I'm currently working on this post using my very old 2016 MacBook. It's old. It works fine for the most part but the keyboard is not going to last much longer, maybe another year, and the battery life is not what it used to be. I had thought about getting the MacBook Air with the M1 but given all the rumors about a redesign, I decided to wait. And meanwhile, it'll give me a chance to fulfill my promise to myself to use  my MacBook to become a proficient coder, content creator (being dabbling with Youtube video, animations, and blogging. 

One of the reasons I went with a 12" MacBook early on instead of a MacBook Air or a Pro was that I thought I was going to write on it for a vast majority of the time. And that was true. I think I use my MacBook for writing with some Web surfing, and very little coding. 

If I had been a coder back in 2016, there was a good chance I would have went with a more powerful machine and a bigger screen. That's in the past, I am still very much interested in an updated 12" MacBook.

I had hoped that Apple would come out with a M1 version but now I think about it, perhaps a M2 might be worth the wait should Apple release the chip later this year. Here is a couple of reasons why I think it is worth the wait.

I'm not a chip expert by any stretch of imagination. By double or even triple stretch. What I know is that the M1 chip is made with the 5nm (nanometer) process. It's small. The Intel chips used by the MacBooks were 10nm. I had read somewhere that these nm designations are not as clear cut and could be for marketing purposes but I think the difference between a 5nm and 10nm, no matter how it is cut, is a big difference. Apple has demonstrated by benchmark and power usage. Just compare to how much better the battery life are on the M1, M1 Pro, and M1 Max chips are compared to the Intel chips and power utilization. 
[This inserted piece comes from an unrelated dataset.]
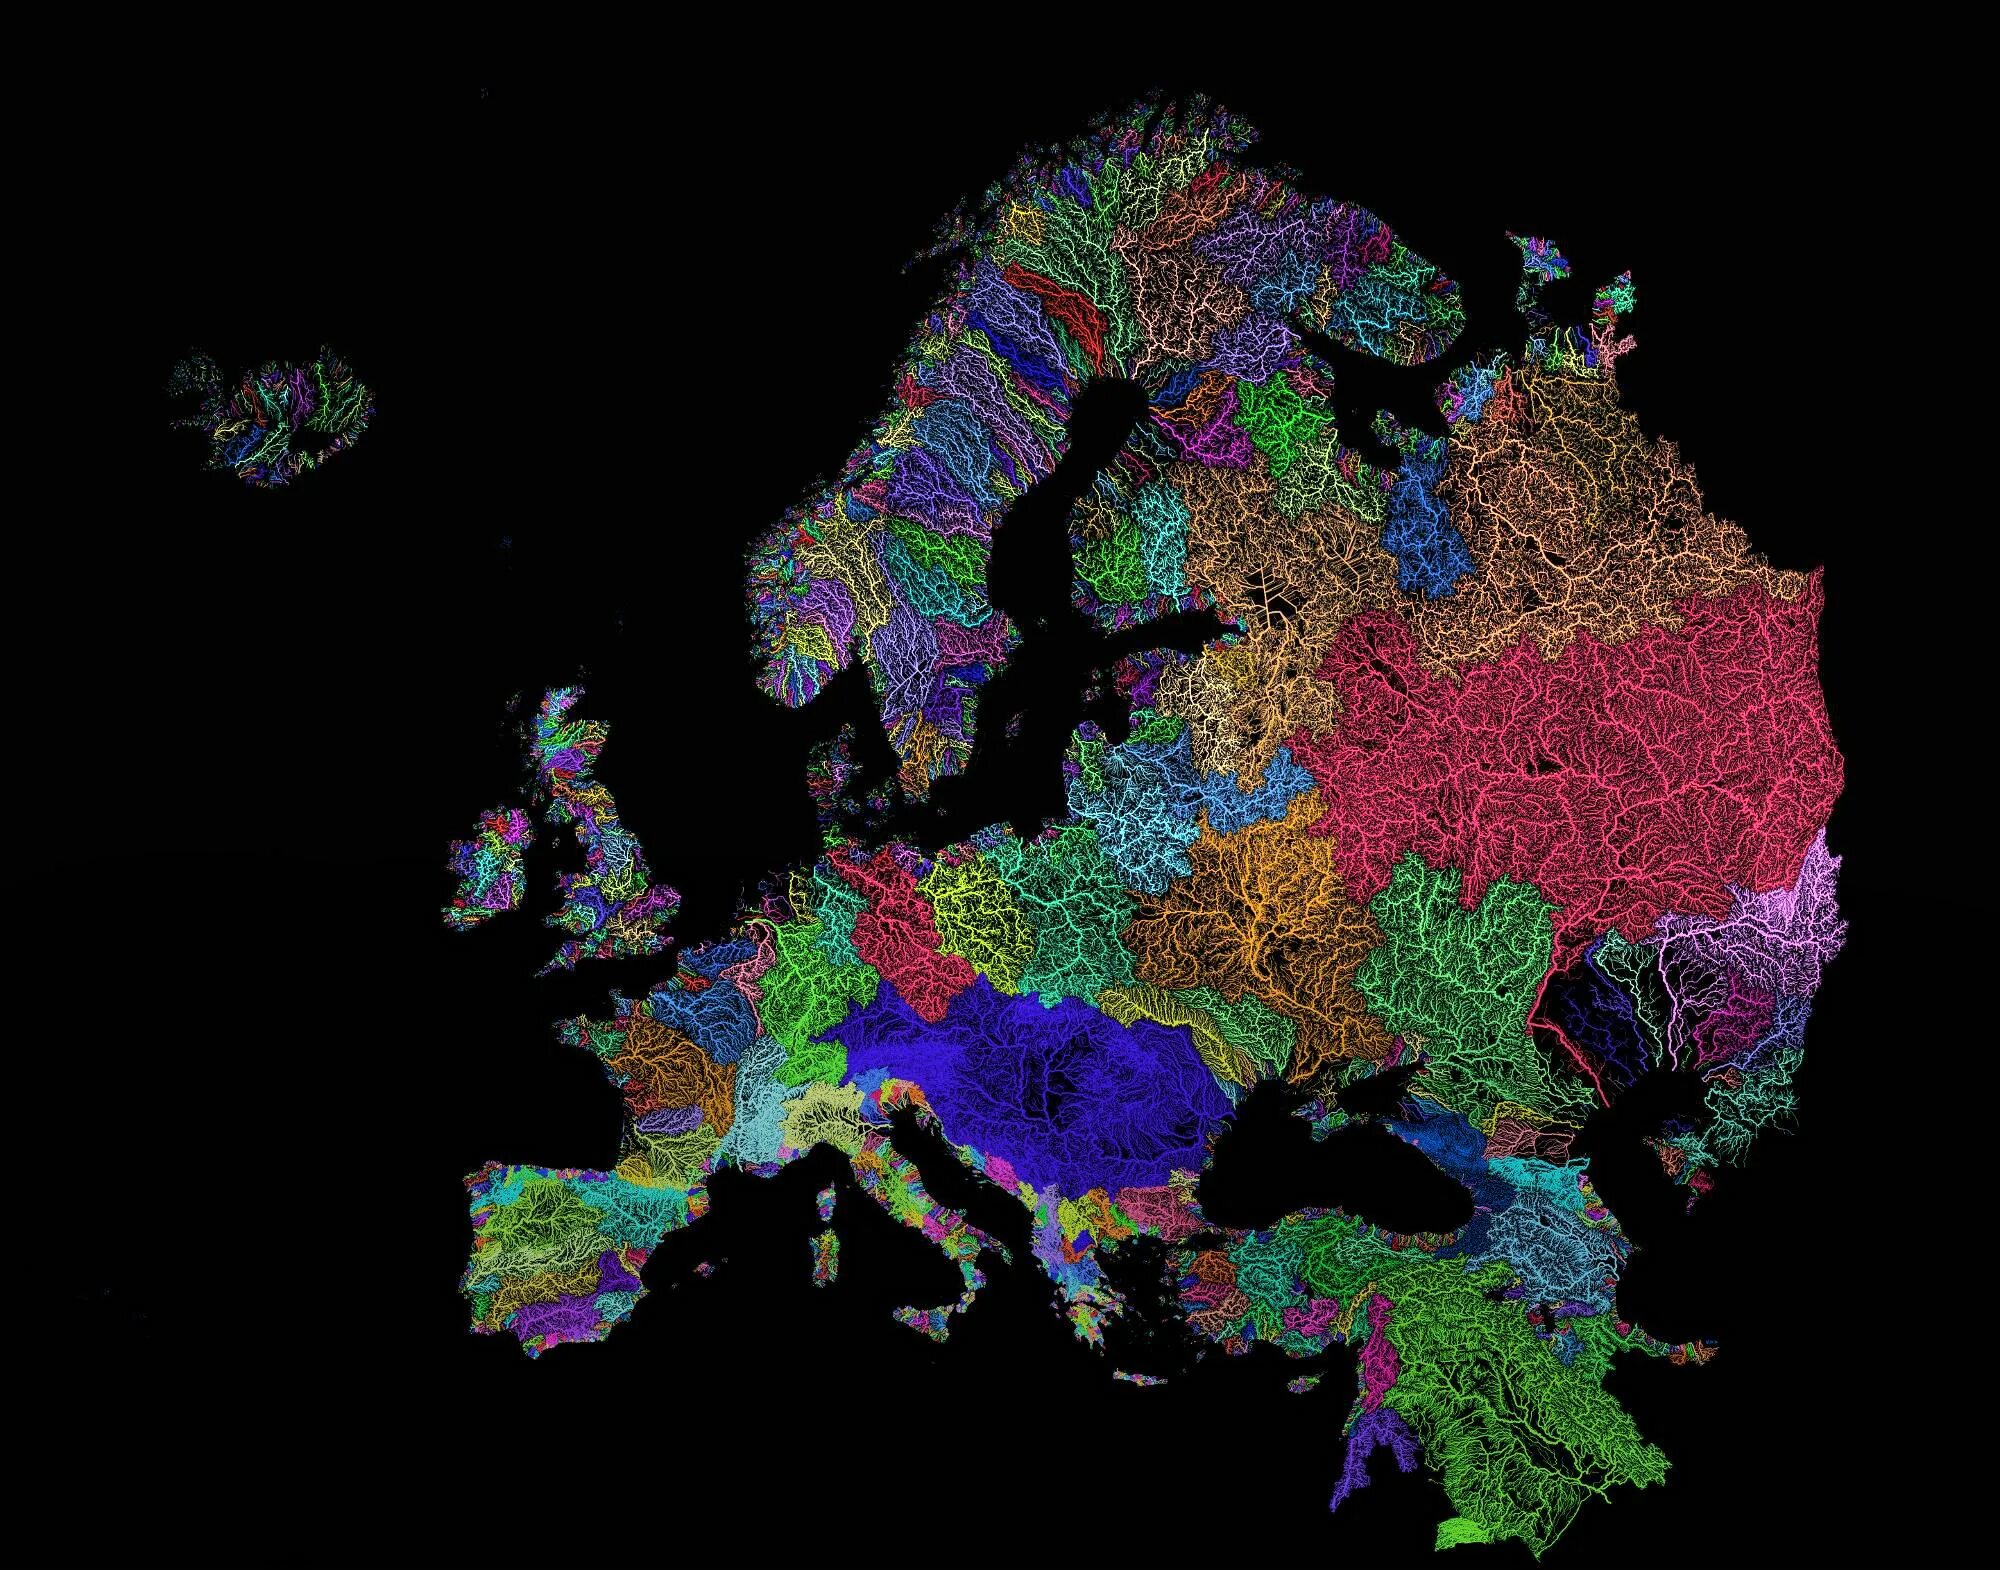 Maps for mapping. Бассейны рек Европы. Карта речных бассейнов Европы. Карта - Европа. Бассейны рек Европы на карте.

When Apple moves from M1 to M2, TSMC will be using the 4nm production process, a 20% difference. I do not know if it means M2 chips are 20% smaller and more efficient than the 5nm M1 but I do know that it'll be faster and even more efficient. 

Had a 12" MacBook use the M1, I imagine the battery life might not see the jump that MacBooks with M1 chips have in terms of battery life. It might mean that if Apple wanted to give the 12" MacBook more battery life, it would have to throttle and slow it down to achieve any meaningful battery life increase. That would totally degrade the user experience. As I start to utilize my MacBook for coding, encoding videos, and more processor intensive uses, I am probably not going to like the a slower M1 machine.

With the M2, a smaller and more powerful chip, Apple can turn the 12" MacBook into an even more mobile power machine. And with M2, the 12" MacBook can achieve a battery life that is impossible on any Intel chip that Apple could fit inside the body of a 12" MacBook.

Here are the battery life for the current M1 machines:

  • Macbook Air - 18 hours
  • Macbook Pro 13" - 20 hours
  • Macbook Pro 14"- 17 hours
  • Macbook Pro 16" -  21 hours
Those are impressive battery life. Let's look at the previous versions with Intel chips:

  • Macbook 12" - 10 hours (barely)
  • Macbook Air - 12 hours
  • Macbook 13" Pro - 10 hours
  • Macbook 16" (2019) - 11 hours
The M1 Mac achieved an improvement of 50% on the MacBook Air to 100% on the Macbook Pro. I am expecting the 12" MacBook with the M2 chip to have an improved battery life of at last 50% if not more.

As for processing power, I hope when Apple would compare the M2 chip to the M1 chip and forget about how bad and power hungry the Intel chips are. There would be no need to dig up the past in this regard.

And whatever screen sizes the M2 MacBooks will ultimately come with, these Apple computers will be ultimate mobile computing machines to be reckon with.